In the article, first cultural work is contextualised and historicised. Following this, Southbank Centre is introduced, its suitability for a case study is explored and the research methodology is outlined. Analysis of the findings from my empirical research follows. I demonstrate how individualised emotional labour, or labour which requires managing one’s own emotions in order to create the ‘right’ kind of outward appearance (Hochschild, 1983) was required in a variety of roles at Southbank Centre. At the same time, collaborative working was also presented as necessary and had complex politics. In large part, this collective working was engendered, and managed, through the Director Jude Kelly’s ‘Festival Methodology’ (2011–2018), which required different departments across the organisation to work closely together, as well as with external cultural workers and the public, to coordinate, produce, manage and deliver on average more than 14 annual festivals and series. These collaborative ways of working represent a different model to individualised, competitive practices often associated with work in the cultural and creative industries, and are themselves part of the distinctive legacy of the institution in municipal history, as I have explored elsewhere (Williams, 2020). The article therefore proposes that when analysing collaborative working and emotional labour, the different historical meanings and power dynamics of the cultural context need to be brought to the forefront.

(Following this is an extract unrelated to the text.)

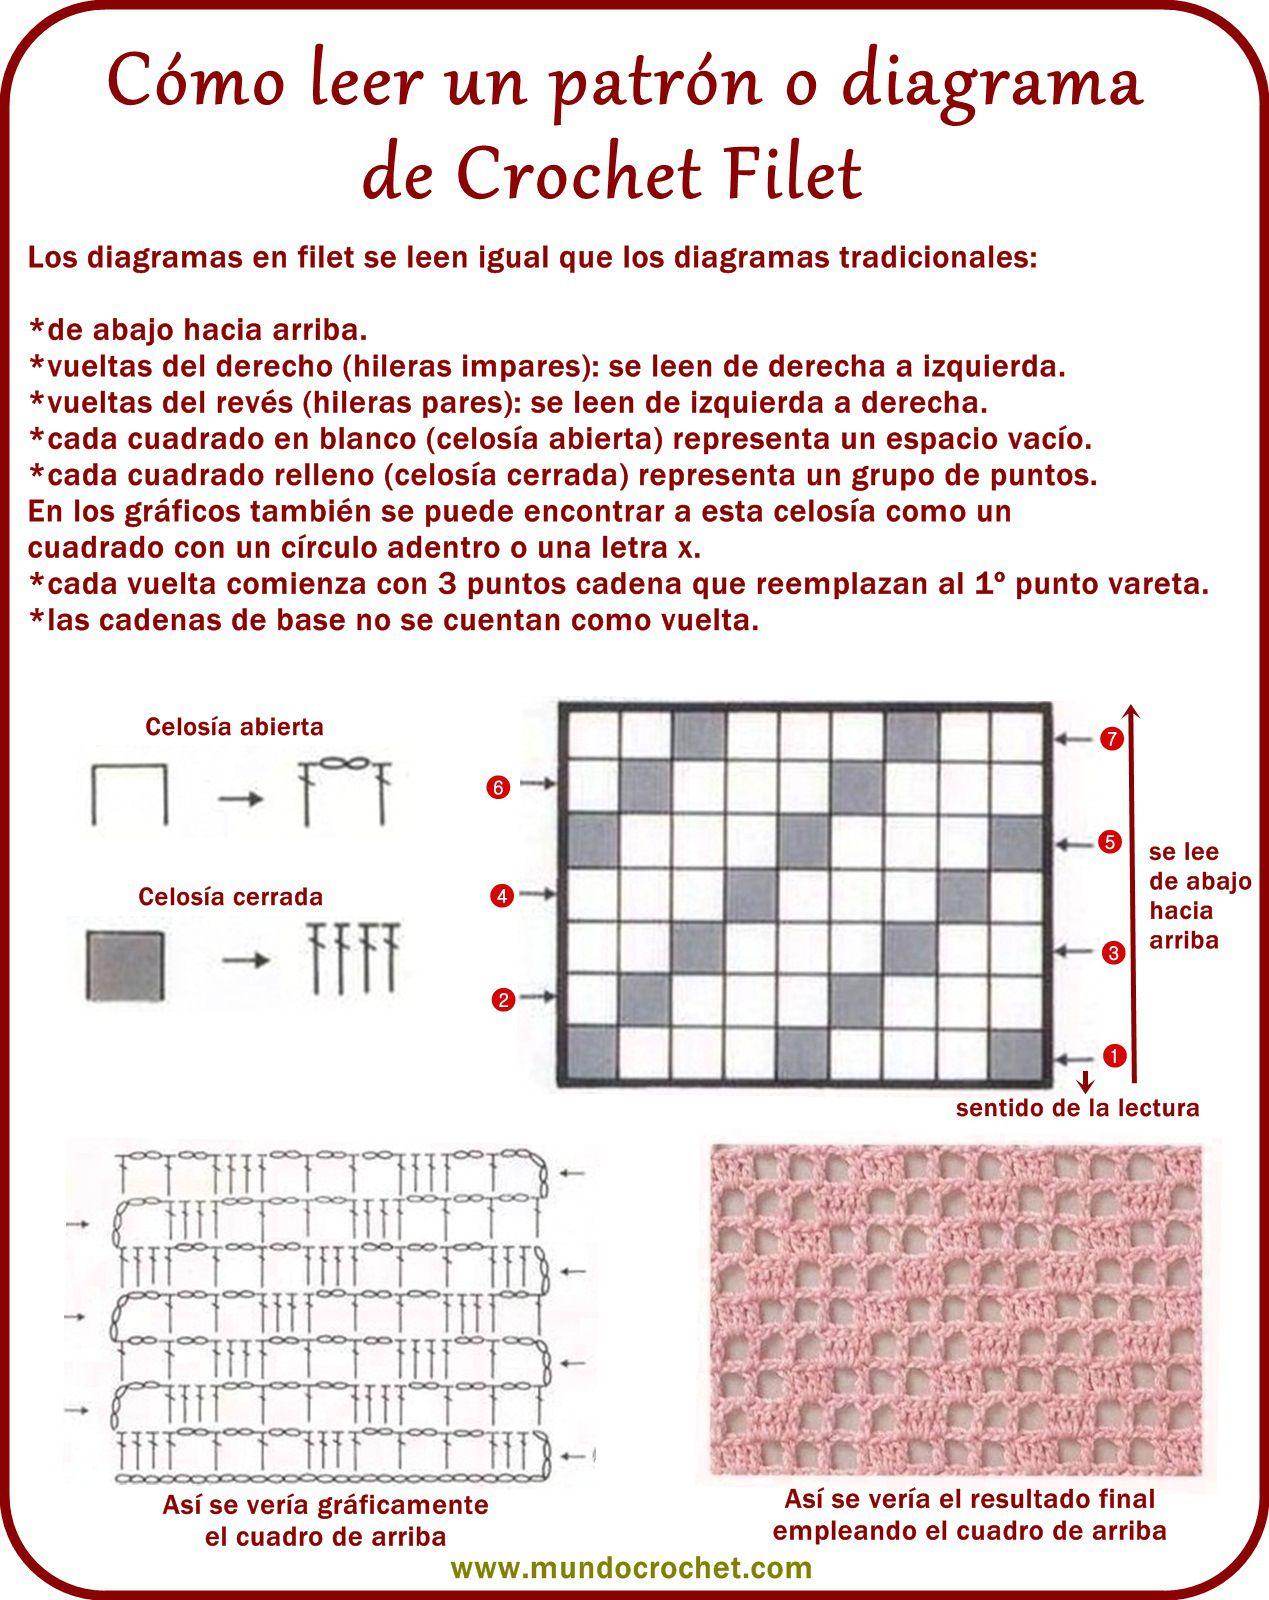 Crochet filet | CROCHET: Filet | Pinterest | Buscar con google ...

Contextualising and historicising cultural work
For over two decades now, there has been an expanding academic interest in theory relating to cultural work (Banks, 2007, 2017; Banks et al., 2013, Beck, 2003; Brook et al., 2018; Gill and Pratt, 2008; Hesmondhalgh and Baker, 2013; Lloyd, 2006; Oakley and O’Brien, 2016). In many senses, these debates stem from analysis of the cultural and creative industries, including theorisations which attempt to define, contextualise and problematise related rhetoric (e.g. see Banks, 2007; Garnham, 2005; Hartley, 2005; Hesmondhalgh, 2012; Hewison, 2014; McGuigan, 1996; Throsby, 2001), and those which draw on and re-evaluate historical theorisations such as Adorno and Horkheimer’s famous text in 1944.

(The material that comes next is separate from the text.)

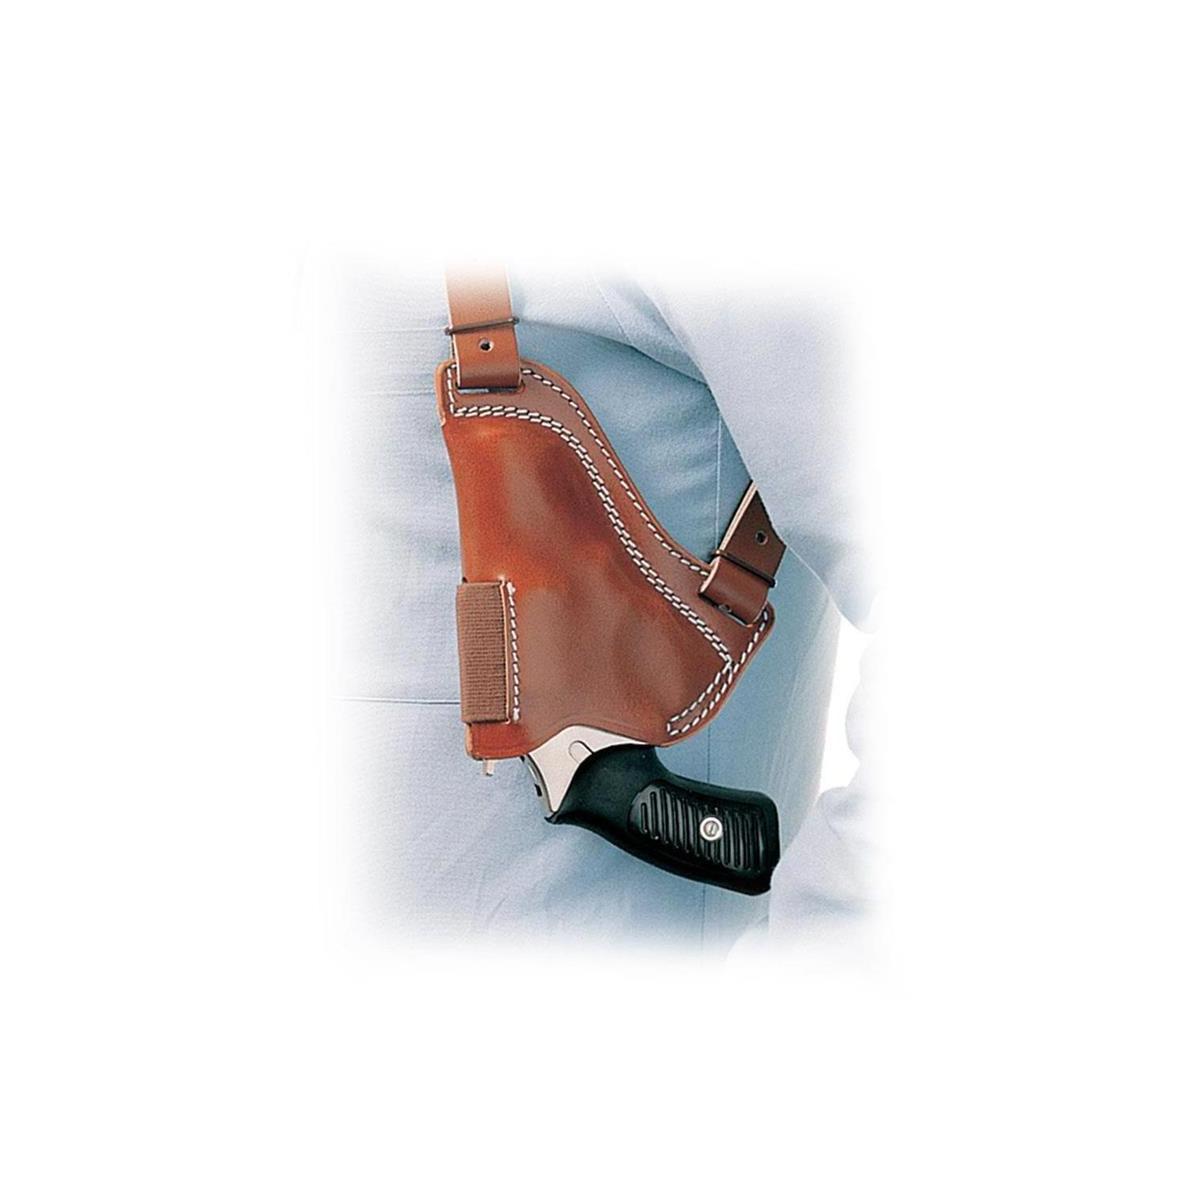 Schulterholster BODYGUARD Rechtshänder-Braun-S&W 2\

As part of the academic focus on cultural work there has been a nascent interest in its histories, as well as in its possible futures, now rendered both more urgent and complicated due to the ongoing impacts of the COVID-19 pandemic (Banks, 2020; Banks and O’Connor, 2021; Banks et al., 2013; Brook et al., 2020; Eikhof, 2020). Although some overarching concepts can be suggested to define cultural work, it remains a problematic and contested concept. Much has been written about the notion of cultural work offering unique satisfaction, fulfilment and status (Banks, 2007; Beck, 2003; Sandoval, 2018), but this research often focuses on artistic and creative producers. A useful way of understanding what is meant by cultural work is
[A]n umbrella expression to capture a myriad of working roles, processes and contexts . . . cultural work is rather a category . . . in which different types of labour such as manual, cognitive, emotional and affective are often intensively intertwined. (Hope and Richards, 2015: 121–122)

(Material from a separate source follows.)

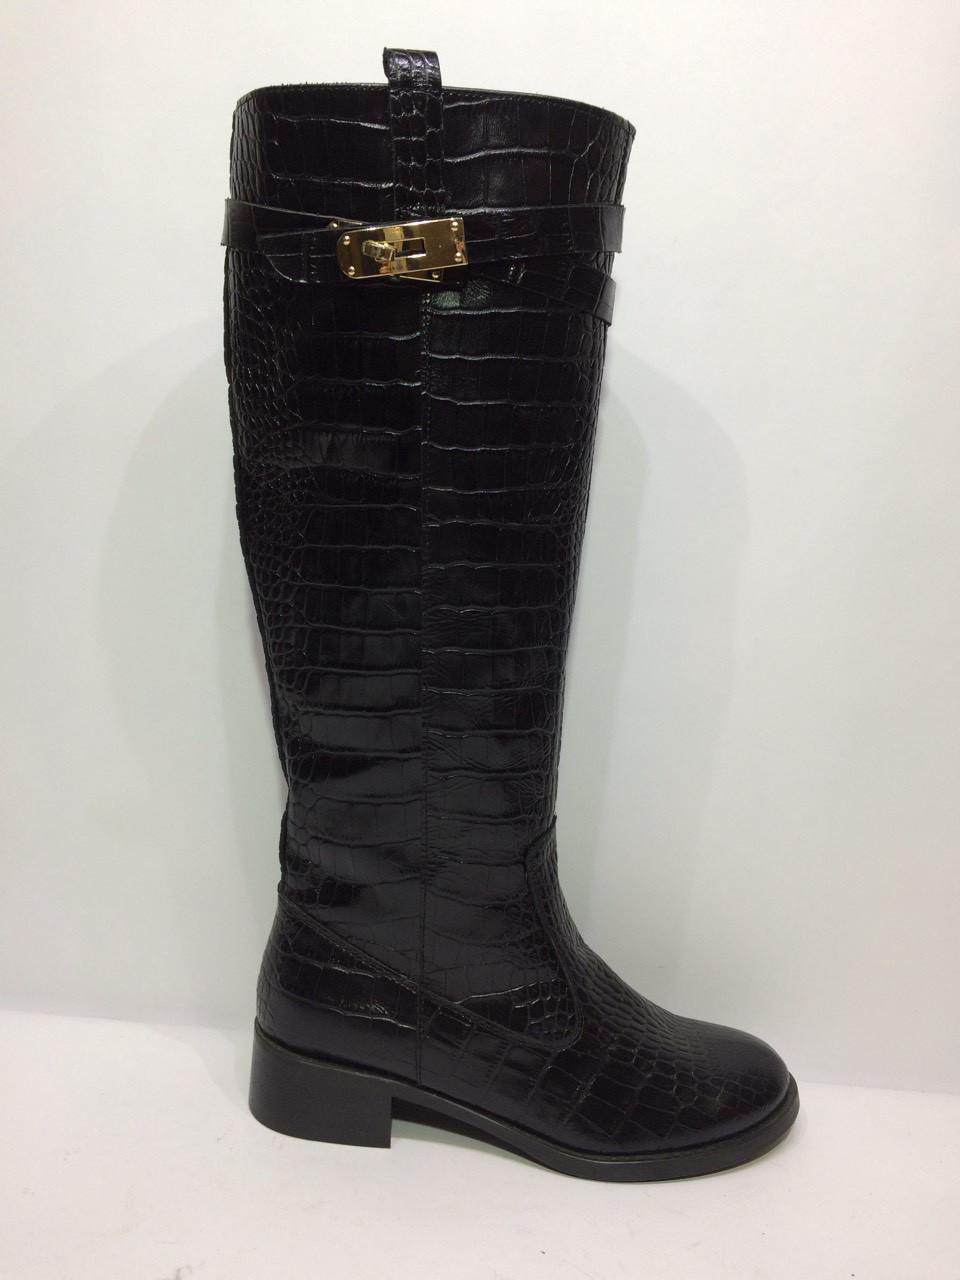 Модные женские сапожки -  замочек из натуральной кожи под крокодила черного цвета.

In this research, I defined ‘cultural workers’ as those involved in the kinds of labour mentioned above, or to put it another way, in the production and circulation of texts and symbolic cultural goods at Southbank Centre. I also used a definition of cultural work which included those who might not be traditionally thought of as creative producers, by interviewing workers from across departments, and not focusing solely on those directly involved in artistic production.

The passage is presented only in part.